We would not have spent thousands of hours in the woods if we hadnt enjoyed them. More than that, they allowed us, both together and separately, to think and speak in an uncommonly free and honest manner. To this I would add that we have each observed things in nature that one would not normally associate with the keening snarl of a chain saw. My brother Charlie (Tood from here on out; dont ask) and my father still speak of the paper wasp they saw laying eggs in the end grain of some maple. The delicate, corset-waisted, bottle-blue creature positioned itself like a well-drilling rig and inserted an impossibly long, flimsy needle right into what must have been some sort of microtubule in the sapwood. Whatever it was that hatched, they saw its genesis.
One evening that could have been any stark fall evening, Dad got an odd feeling in his gut and turned to face a black bear for a long moment. After looking at the noisy intruder, the bear eventually turned and took up its activities where it had left off. Dad returned to his civilized mind from the animal place such a sight had sent him.
I was once stopped short by the stunning, blissful forensics of a late-night murder, or meal, depending on your allegiance. Knee-deep in snow on the way to the woodlot I saw the businesslike progress of a chipmunks tracks. As they were going my way, I paid some attention. Soon enough the spacing of the tracks shortened up and then described an abrupt buttonhook. Not three steps back the way hed come there were twin angel wings in the snow. Two long, serrated crescents enfolded the delicate tracks and no more. Actually seeing and understanding the evidence of such an encounter warmed a visceral but deductive part of me. The silent, incontrovertible evidence of an owls dimly foreseen attack chilled me in just the opposite way. Everyone has had that same moment in which he or she glimpsed, but radically underestimated, impending tragedy. Gaining confirmation that this sickening moment has its roots threaded honestly in the natural world was reassuring to someone afraid of having all animal influence bleached out by civilization.
During the fall we spent writing this book, Dad got ill, first with pneumonia, then bronchitis, then stubborntosis, and finally back to pneumonia.
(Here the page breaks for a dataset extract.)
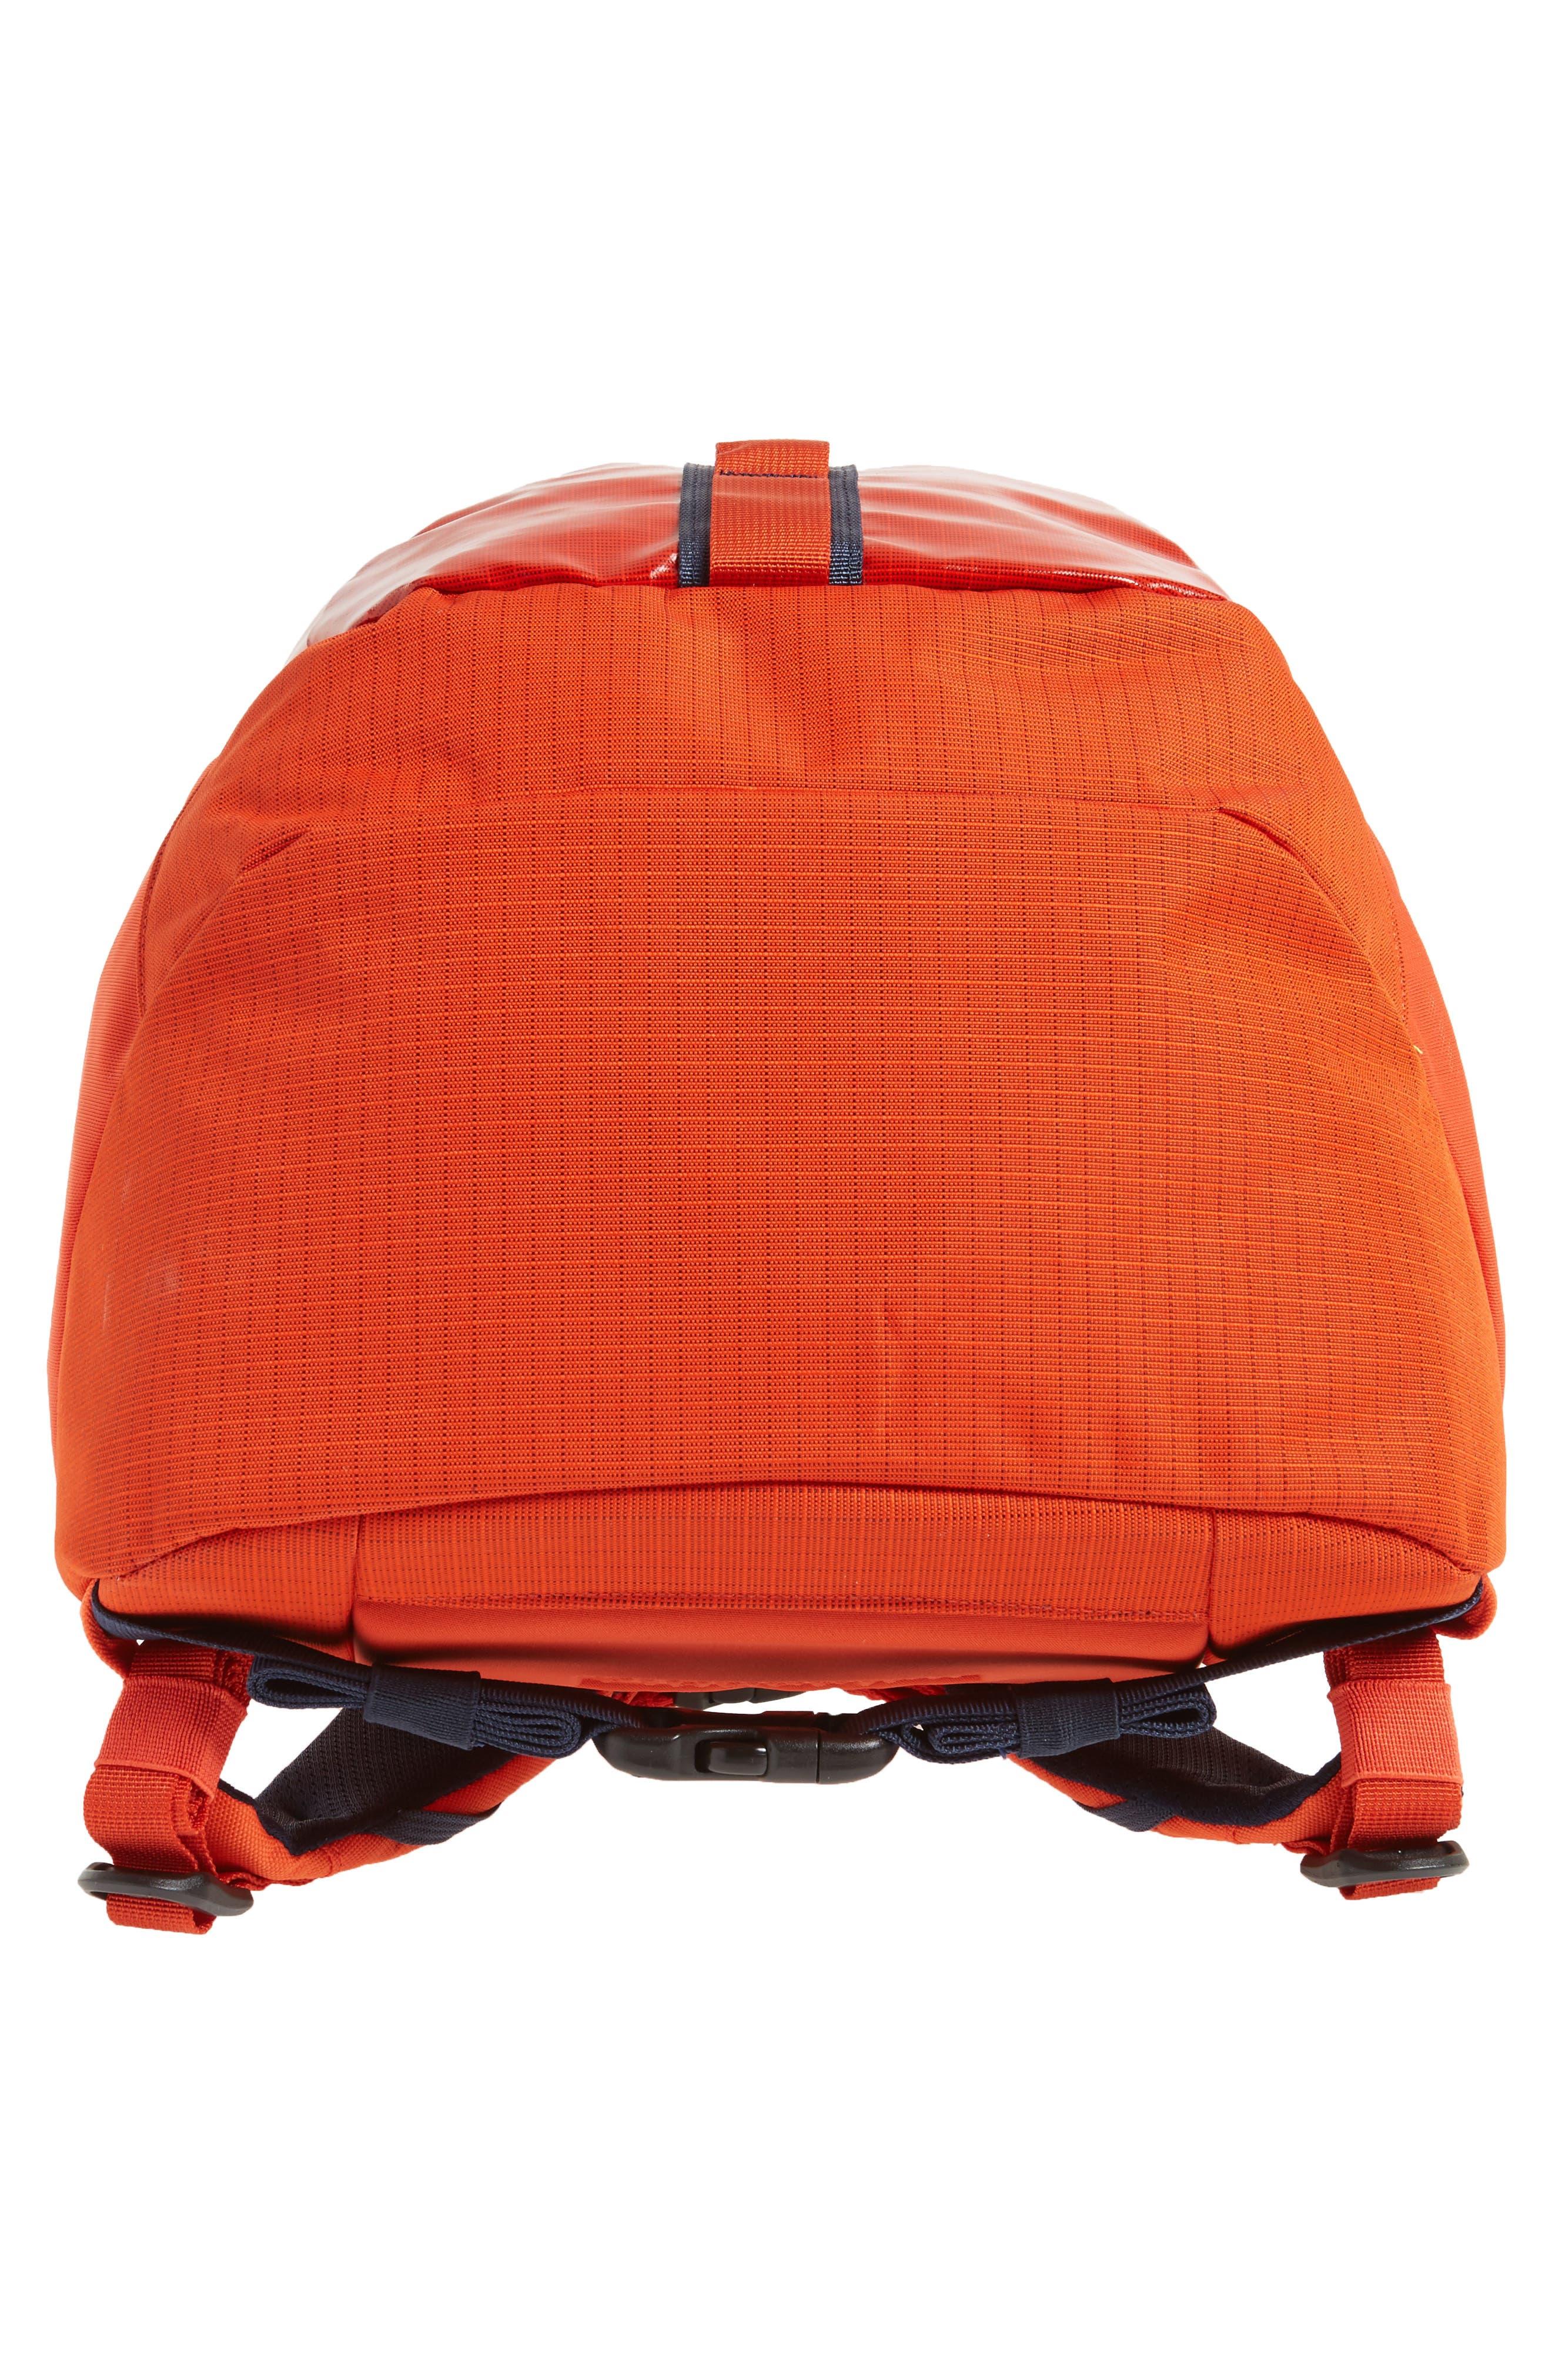 Black Hole 30-Liter Backpack,                             Alternate thumbnail 6, color,                             Paintbrush Red

Tood had been talking to Dad on the horn and worrying that he was going to make things even worse for himself by trying to work right through his illness. We decided that we both had to go home and get the firewood in. I knew how hard it was for Dad to need help; in fact, I was sure it was the hardest part of the illness. Tood and I hadnt had the chance to spend real time together in a long while, and in retrospect, we may never be living under the same roof again. Everyone was looking forward to the time together for different reasons.
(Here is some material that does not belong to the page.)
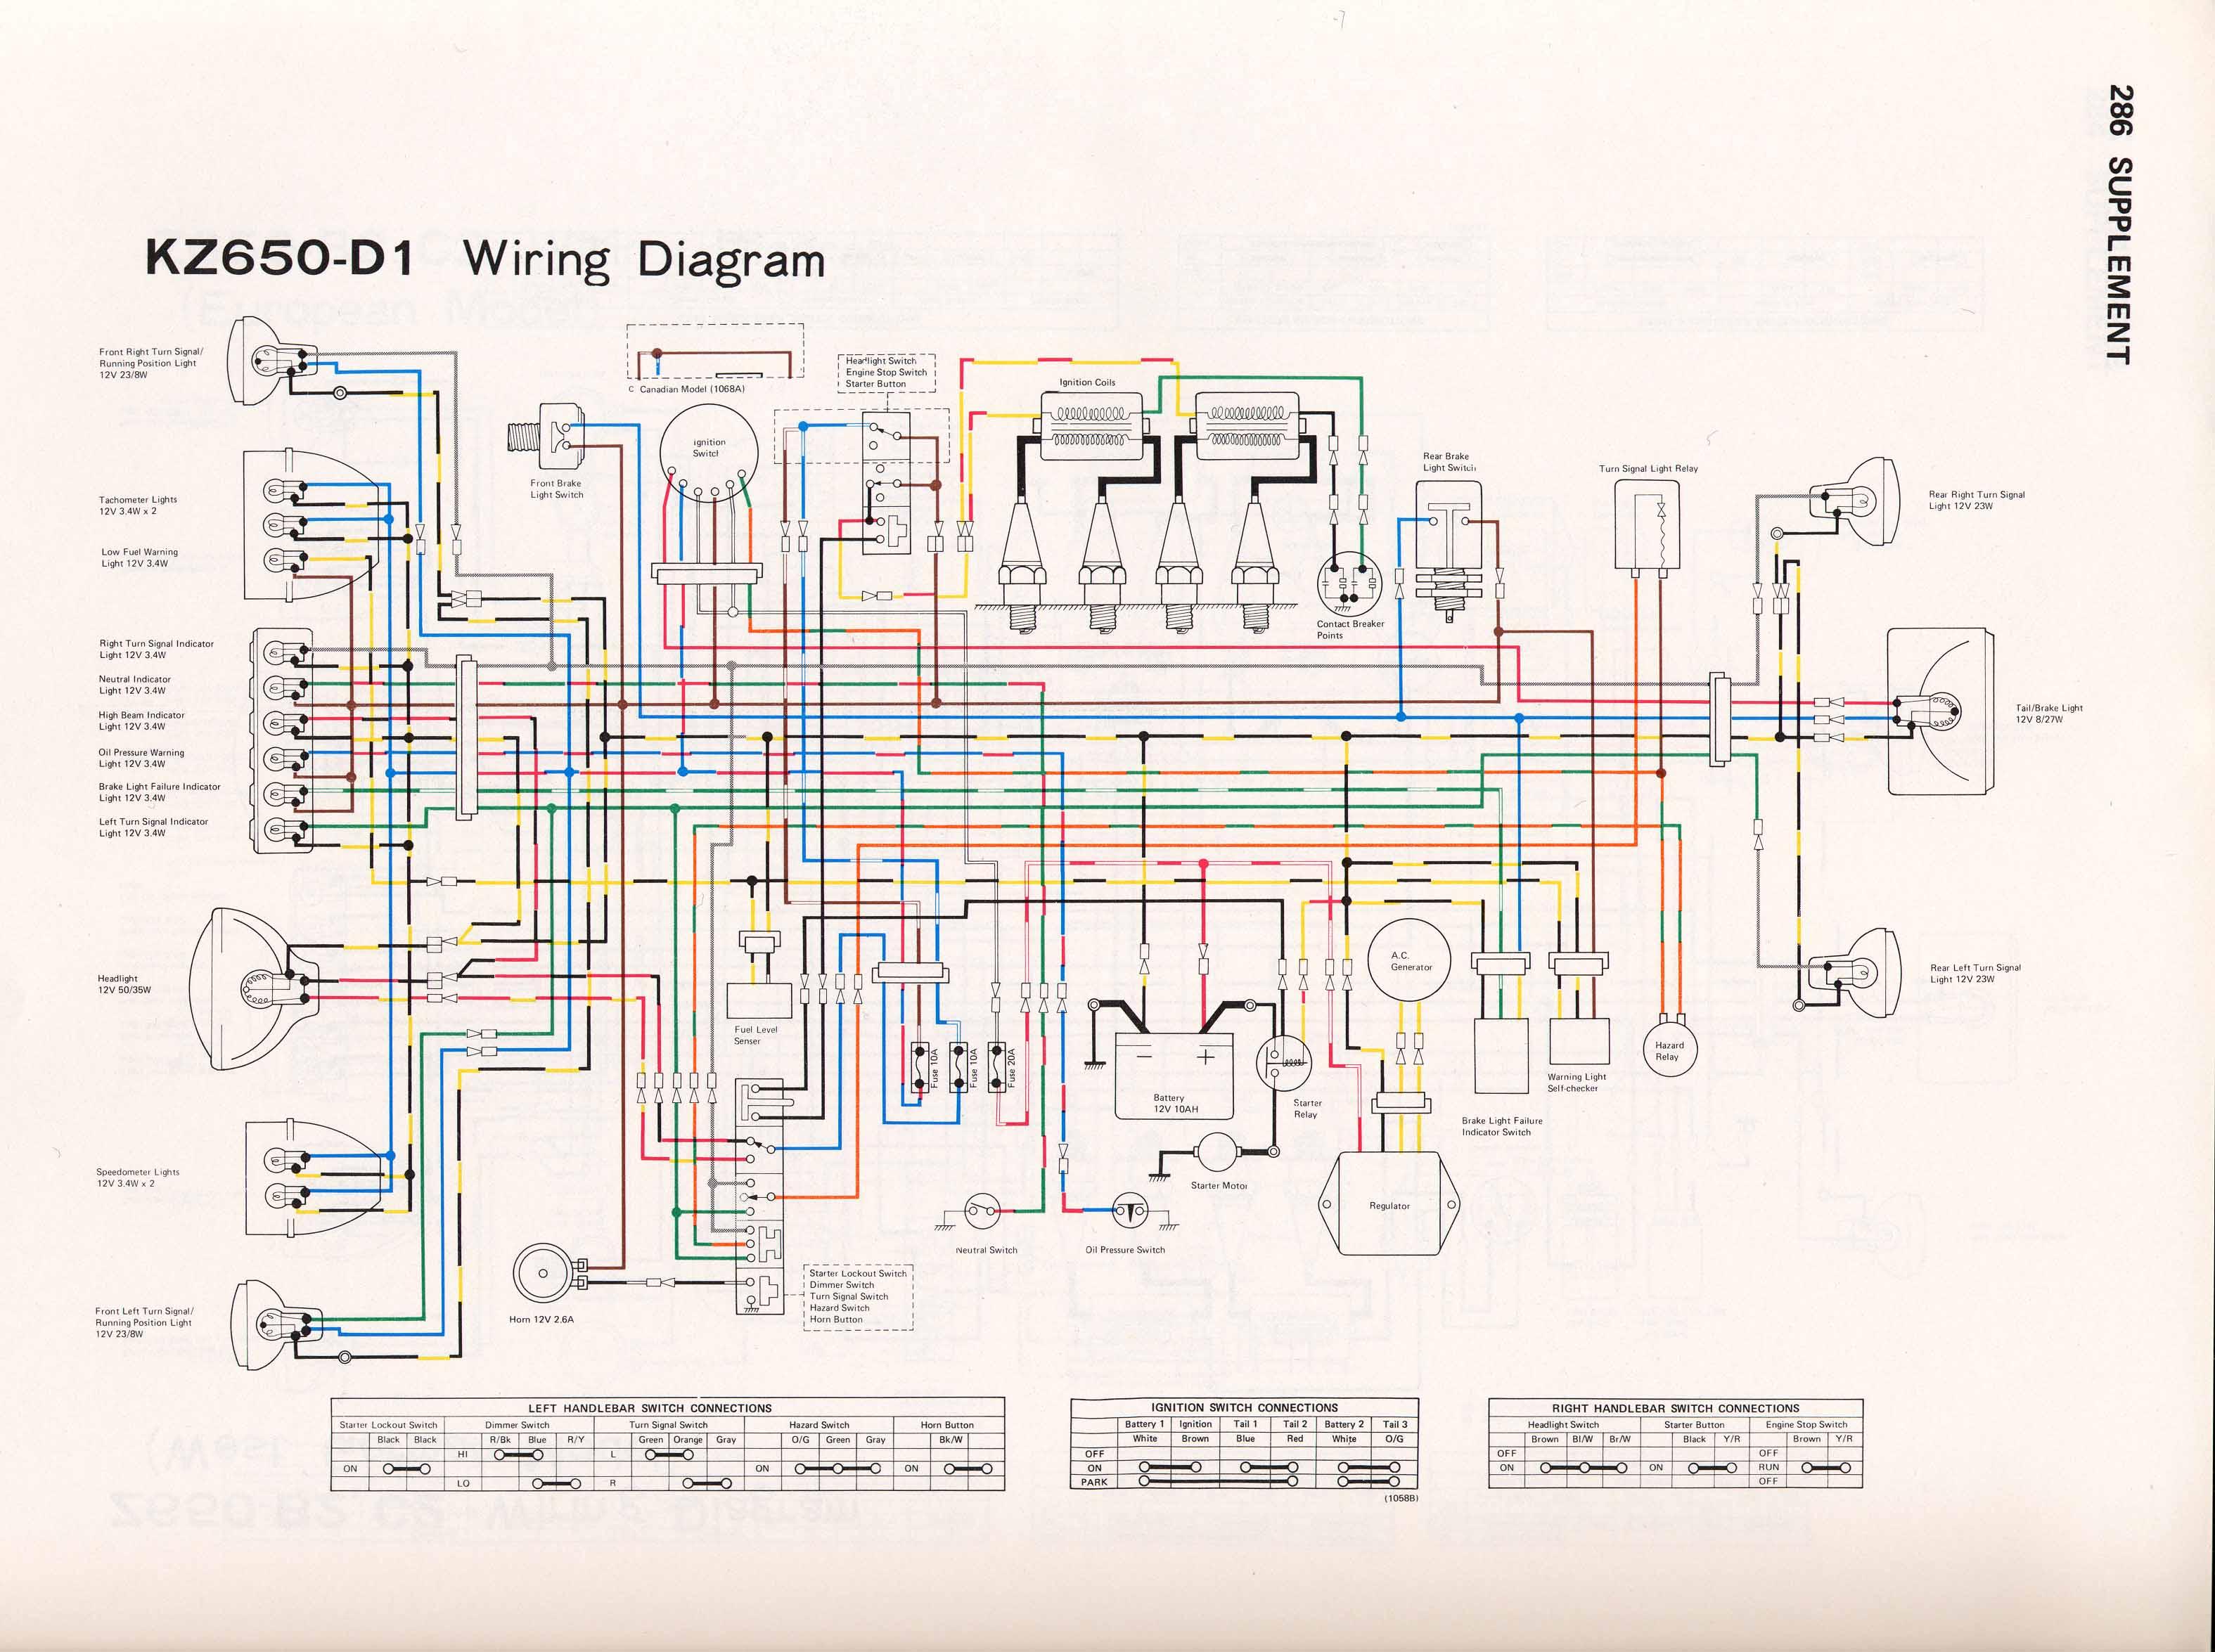 Kawasaki Brute Force 750 Wiring Diagram Kz650 Info Wiring Diagrams

The year before, Dad had felled the two dozen trees we would need, so it remained to snake them out of the woods, buck them up, split them, and stack them. Over the course of two and a half days, Tood and I ran saws and split with mauls almost nonstop. Both of us have gone through long periods of our lives with calluses lining our hands, but we had each softened up considerably in the months preceding this unexpected trial. By the end of the third day I had sweat out every beer Id bought in the city, and Tood had torn rows of neat ovals off both hands. The memory of the fingers is fiercely loyal, but very short-term.